W₀ is the frozen pretrained weight. It never changes during LoRA fine-tuning.

LoRA Modified Forward Pass

h = W₀·x + (B·A)·x

A and B are small trainable matrices. At inference, B·A can be merged back into W₀ for zero latency cost.

Parameter Saving

r × (d_in + d_out) vs d_in × d_out

With rank r=8, d=4096: 65,536 parameters vs 16,777,216. That is a 256× reduction per layer.

LoRA Scaling Factor

α / r

α (lora_alpha) controls how much the LoRA update contributes. Setting α = 2r is a safe default.

🌟

LoRA in Practice — What It Enables

A 7B parameter model trained with LoRA (rank 16) adds roughly 33 million trainable parameters — less than 0.5% of the total. You can fine-tune a Mistral-7B model in under 2 hours on a single consumer A100 GPU with 40GB VRAM. Without LoRA, full fine-tuning requires 4–8 GPUs and 24+ hours. The accuracy difference is typically <1% on most tasks.

Section 09

What Each Transformer Layer Actually Learns

Probing experiments — training small classifiers on each layer's representations — reveal a consistent pattern across BERT and its descendants. This is why transfer learning works so powerfully.

Layer Range	What Is Learned	Fine-Tuning Implication
Layers 1–3	Surface features: spelling, morphology, part-of-speech, basic syntax	Rarely needs fine-tuning — these are universal across all tasks
Layers 4–6	Syntactic structure: dependency parsing, subject-verb agreement, phrase boundaries	Sometimes frozen in gradual unfreezing; very stable representations
Layers 7–9	Semantic roles, entity types, co-reference patterns	Partially fine-tuned; high transfer value for NER, RE tasks
Layers 10–12	Task-specific reasoning, discourse structure, sentence-level semantics	Most important to fine-tune — these layers adapt most to new tasks
Final Layer + Head	Classification logits or token-level predictions for your specific task	Always trained from random initialisation on your task

🔎

Probing Classifiers — How We Know This

Researchers train tiny classifiers (e.g. a single linear layer) on the frozen representation at each BERT layer and measure how well they can predict POS tags, NER labels, syntactic tree depth, etc. The pattern is remarkably consistent: lower layers encode form, higher layers encode meaning and reasoning. This validates the "hierarchical representation" theory of Transformer models.

Section 10

Code — Full Fine-Tuning with Hugging Face Transformers

The Hugging Face transformers library is the standard toolkit for transfer learning in NLP. Below is a complete, production-ready sentiment classification pipeline using bert-base-uncased on the IMDB movie review dataset.

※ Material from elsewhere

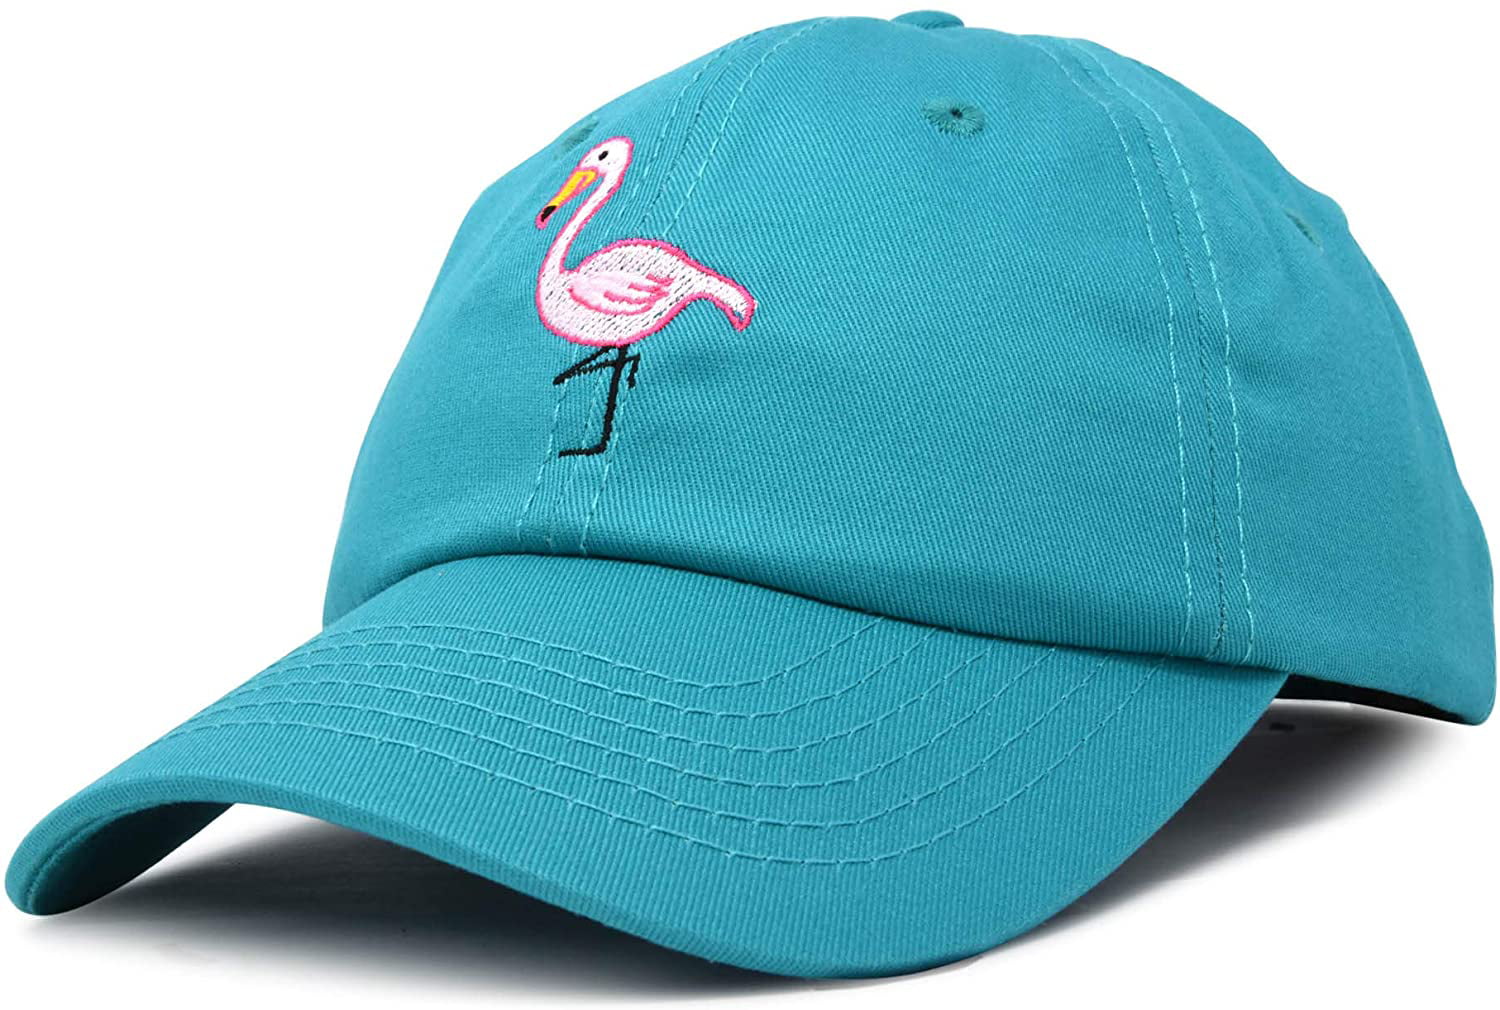 Baseball Cap Elephants Balls Pattern Adjustable Mesh Unisex Baseball Cap Trucker Hat Fits Men Women Hat 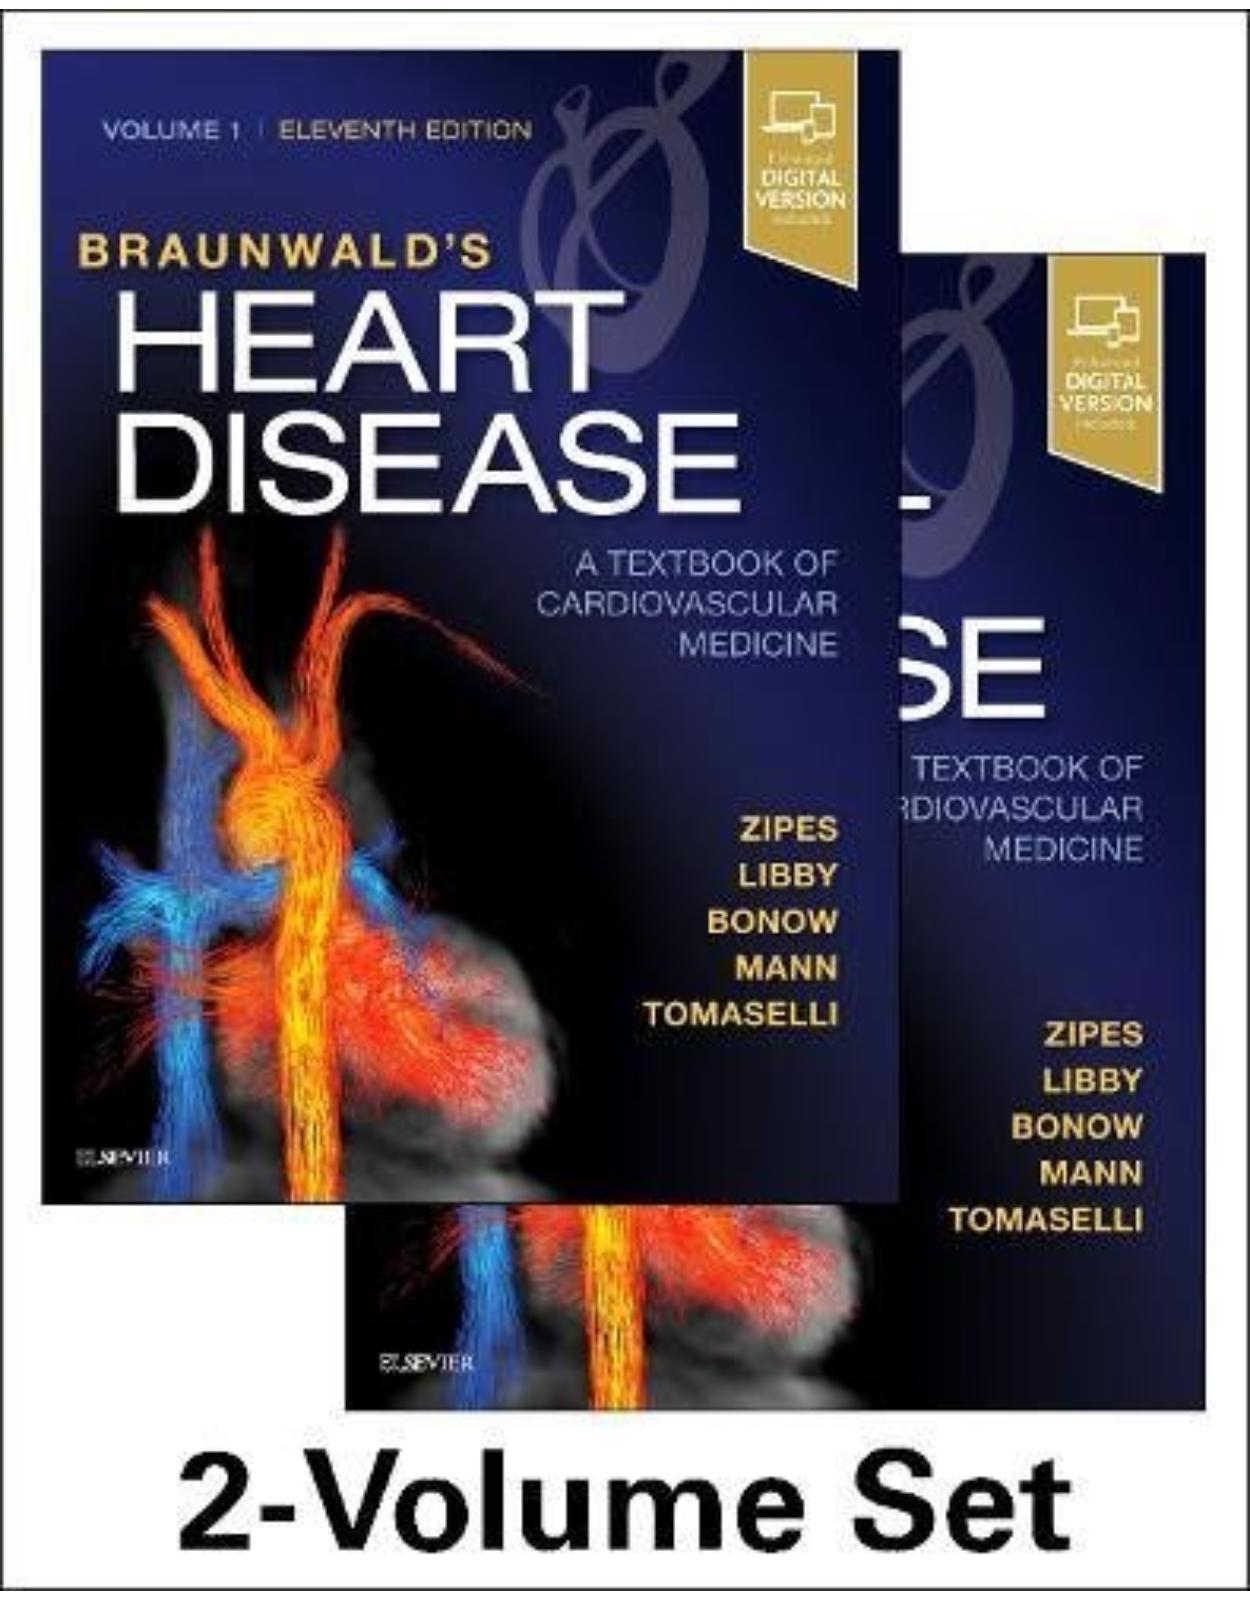 Braunwald s Heart Disease: A Textbook of Cardiovascular Medicine, 2-Volume Set, 11th Edition

# ── Install: pip install transformers datasets accelerate ─────────────

import torch
from datasets import load_dataset
from transformers import (
    AutoTokenizer,
    AutoModelForSequenceClassification,
    TrainingArguments,
    Trainer,
    DataCollatorWithPadding,
)
import numpy as np
from sklearn.metrics import accuracy_score, f1_score

# ── 1. Load dataset ────────────────────────────────────────────────────
dataset = load_dataset("imdb")
# Shrink to 2000 train / 500 test for fast demo
dataset["train"] = dataset["train"].select(range(2000))
dataset["test"]  = dataset["test"].select(range(500))

# ── 2. Load tokeniser ──────────────────────────────────────────────────
MODEL_NAME = "bert-base-uncased"
tokenizer = AutoTokenizer.from_pretrained(MODEL_NAME)

def tokenize(batch):
    return tokenizer(
        batch["text"],
        truncation=True,
        max_length=256,       # IMDB reviews are long; truncate to save memory
        padding=False,        # dynamic padding via DataCollator
    )

tokenized = dataset.map(tokenize, batched=True)
data_collator = DataCollatorWithPadding(tokenizer=tokenizer)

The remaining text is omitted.